Roadmap

This document highlights some ideas for major features we’d like to implement in the near future. To get a more complete overview of planned features and current work, see the issue tracker. Note that these are not ordered by priority.

Last updated: January 4, 2025

Short-term (< 6 months)

Support for Prometheus Remote Write 2.0

Prometheus Remote Write 2.0

  • adds a new Protobuf Message with new features enabling more use cases and wider adoption on top of performance and cost savings
  • deprecates the previous Protobuf Message from a 1.0 Remote-Write specification
  • adds mandatory X-Prometheus-Remote-Write-*-Written HTTP response headers for reliability purposes

For more information tracking this, please see issue #6116.

Long-term (> 6 months)

CNCF Graduation Status

Cortex was accepted to the CNCF on September 20, 2018 and moved to the Incubating maturity level on August 20, 2020. The Cortex maintainers are working towards promoting the project to the graduation status.

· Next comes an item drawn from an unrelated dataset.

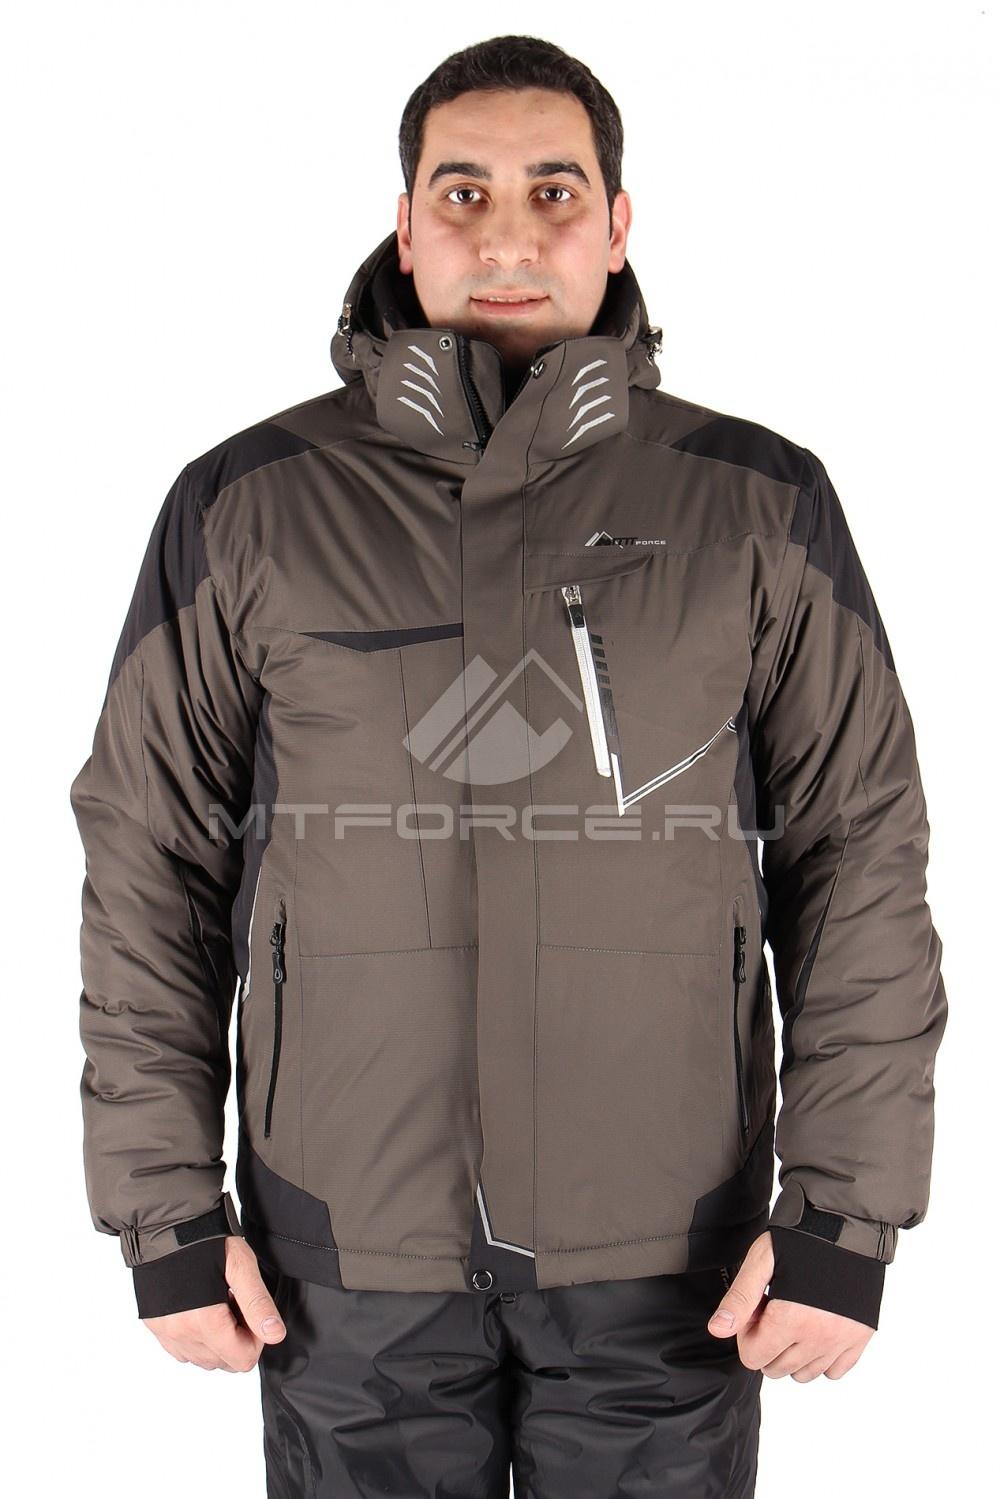 Купить                                  оптом Куртка горнолыжная мужская цвета хаки 1555Kh
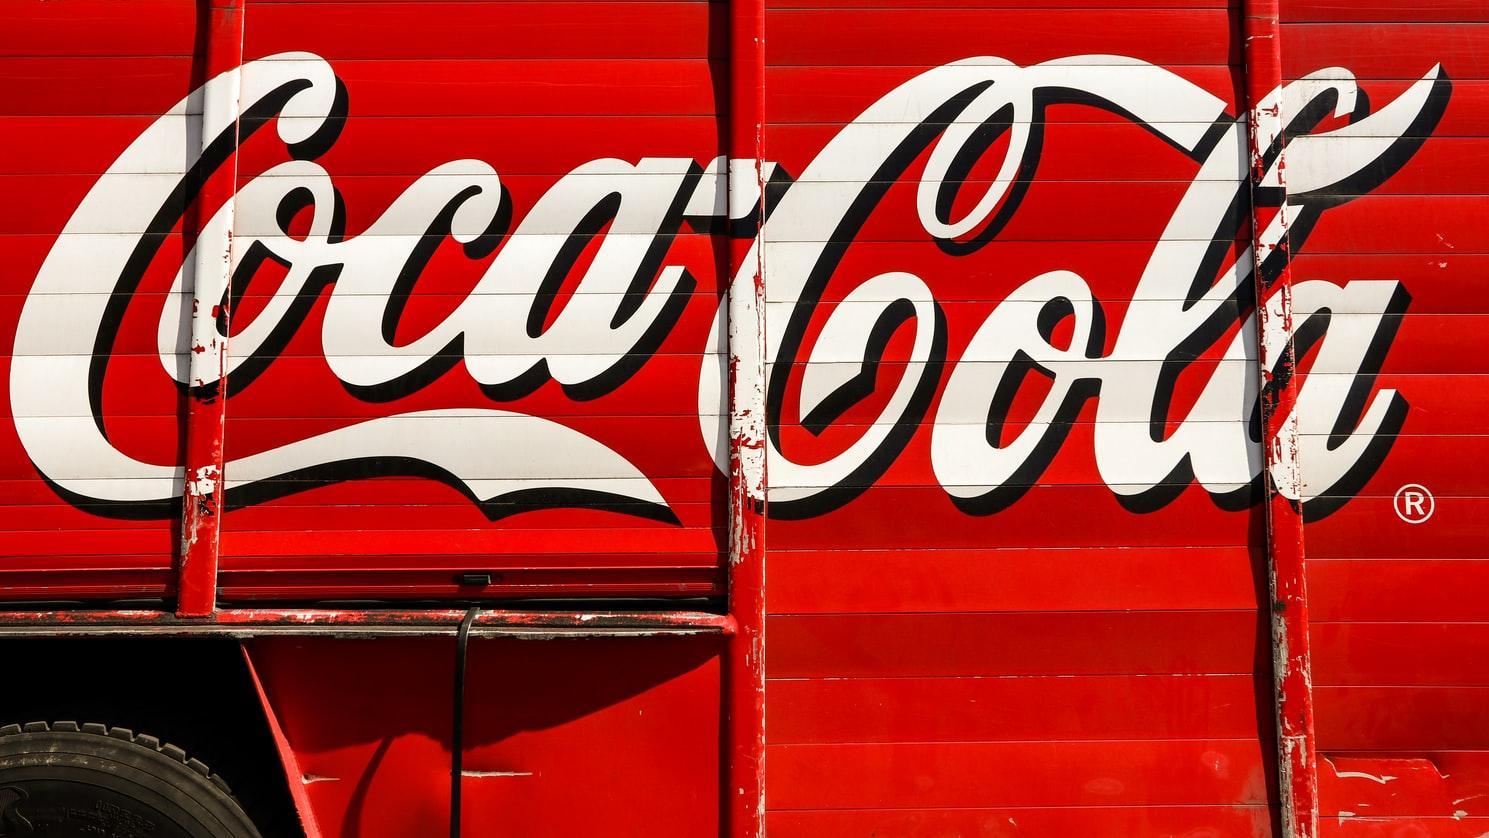 Coca Cola Revision de Ontega – Brokeropiniones.es

For more information tracking this, please see issue #6075.

Downsampling

Downsampling means storing fewer samples, e.g. one per minute instead of one every 15 seconds. This makes queries over long periods more efficient. It can reduce storage space slightly if the full-detail data is discarded.

For more information tracking this, please see issue #4322.

Changes to this Roadmap

Changes to this roadmap will take the form of pull requests containing the suggested change. All such PRs must be posted to the #cortex Slack channel in the CNCF slack so that they’re made visible to all other developers and maintainers.

Significant changes to this document should be discussed in the monthly meeting before merging, to raise awareness of the change and to provide an opportunity for discussion. A significant change is one which meaningfully alters one of the roadmap items, adds a new item, or removes an item.

Insignificant changes include updating links to issues, spelling fixes or minor rewordings which don’t significantly change meanings. These insignificant changes don’t need to be discussed in a meeting but should still be shared in Slack.